2) The invention adopts the mixed solution of formic acid and ammonium formate as a mobile phase A and the mixed solution of formic acid and acetonitrile as a mobile phase B to carry out gradient elution, thereby obtaining high-quality chromatographic peak shape, resolution and mass spectrum signal response.

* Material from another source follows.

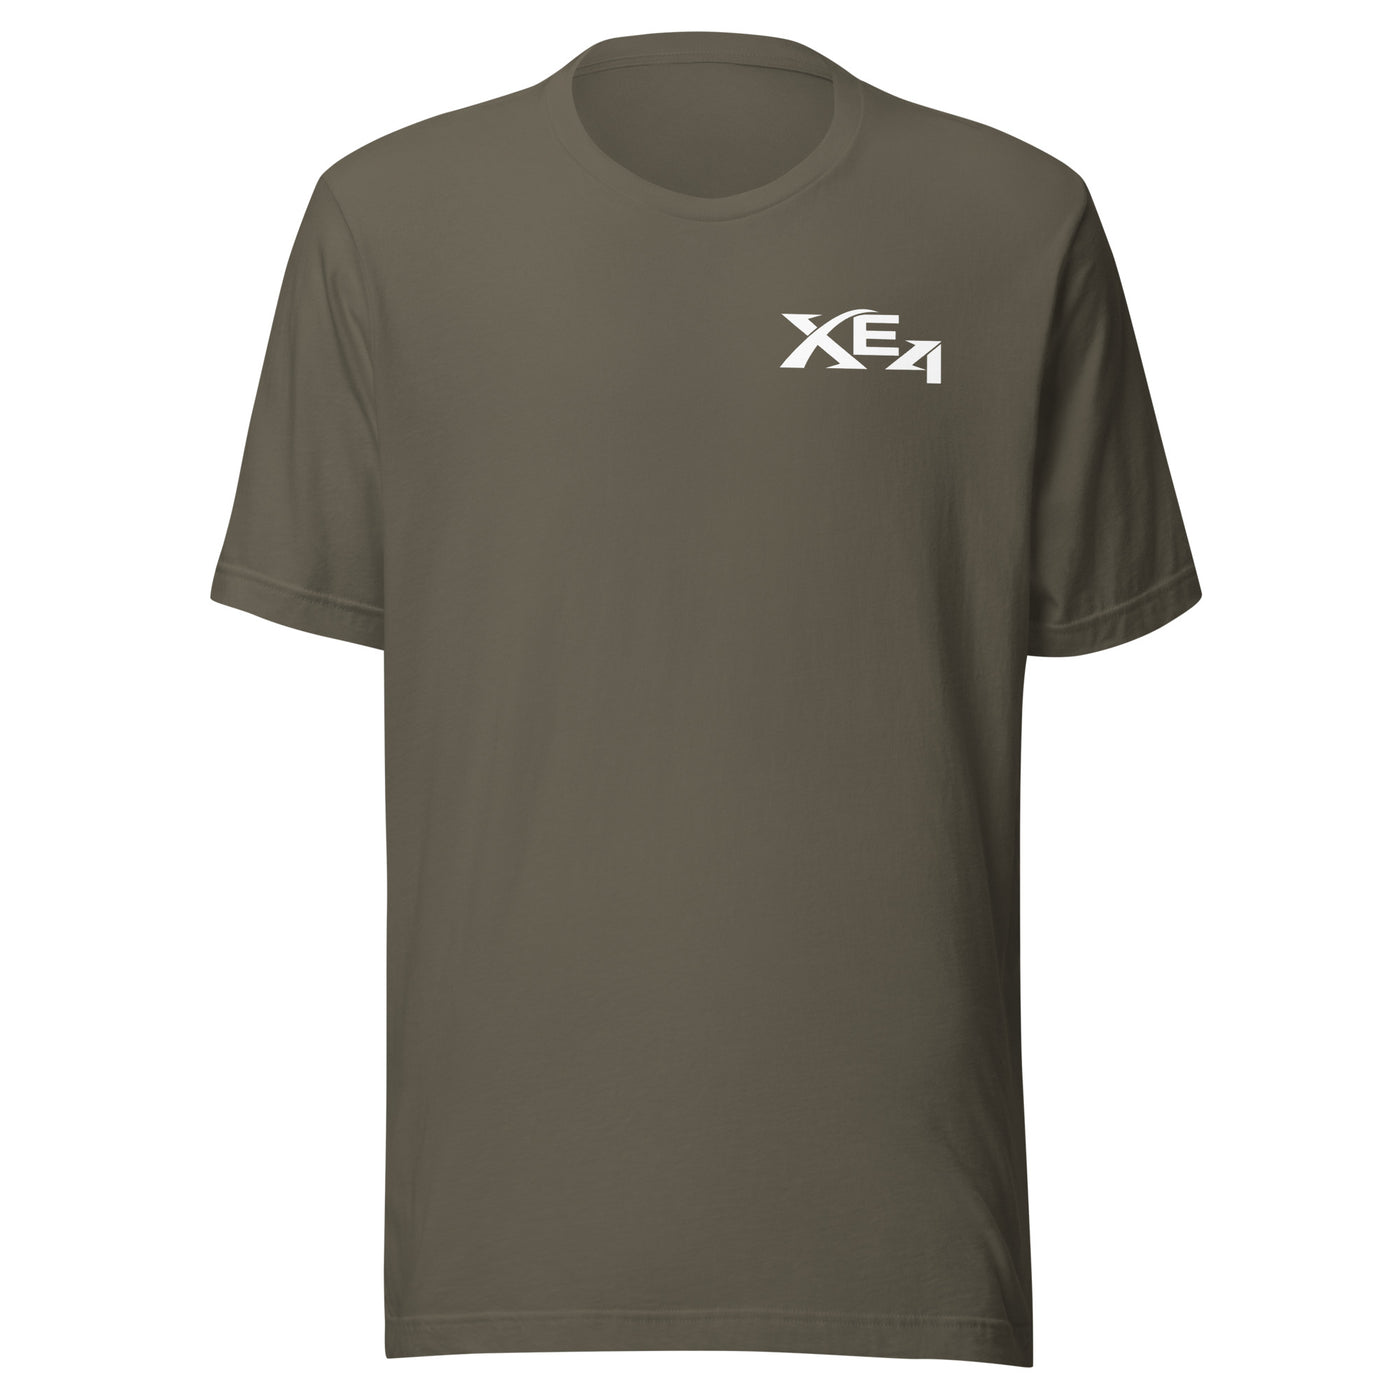 XE4 Shirt

3) The invention provides a UPLC-Q-TOF method for simultaneously identifying 6 components in a tendon-relaxing and blood-activating pill, which is simple, convenient, rapid and reliable, can simultaneously and accurately identify the 6 components in the tendon-relaxing and blood-activating pill, judges whether the pill contains teasel root, achyranthes root, rhizoma drynariae, peach kernel, catechu and sappan wood, and provides reference for comprehensively evaluating the quality of the tendon-relaxing and blood-activating pill and whether a manufacturer feeds the pill according to the regulation.
Drawings
FIG. 1 is a total ion flow graph of 6 components in Shujinhuoxue pill (control);
FIG. 2 is a total ion flow diagram (test sample) of 6 components in the Shujin Huoxue Wan;
FIG. 3 is a mass spectrum of a + -Prosappanin B control;
FIG. 4 is a mass spectrum of a + -Prosappanin B sample;
FIG. 5 is a mass spectrum of a catechin control;
FIG. 6 mass spectrum of catechin sample;
FIG. 7 mass spectrum of amygdalin control;
FIG. 8 is a mass spectrum of a sample of amygdalin;
FIG. 9 is a mass spectrum of naringin control;
FIG. 10 is a mass spectrum of naringin sample;
FIG. 11 is a mass spectrum of a beta-ecdysterone control;
FIG. 12 is a mass spectrum of a beta-ecdysterone sample;
FIG. 13 is a mass spectrum of a control sample of Dipsacus asperoides saponin VI;
FIG. 14 is the mass spectrum of Dipsacus asperoides saponin VI sample.
Detailed Description
The examples are given for the purpose of better illustration of the invention, but the invention is not limited to the examples. Therefore, those skilled in the art can make insubstantial modifications and adaptations to the embodiments described above without departing from the scope of the present invention.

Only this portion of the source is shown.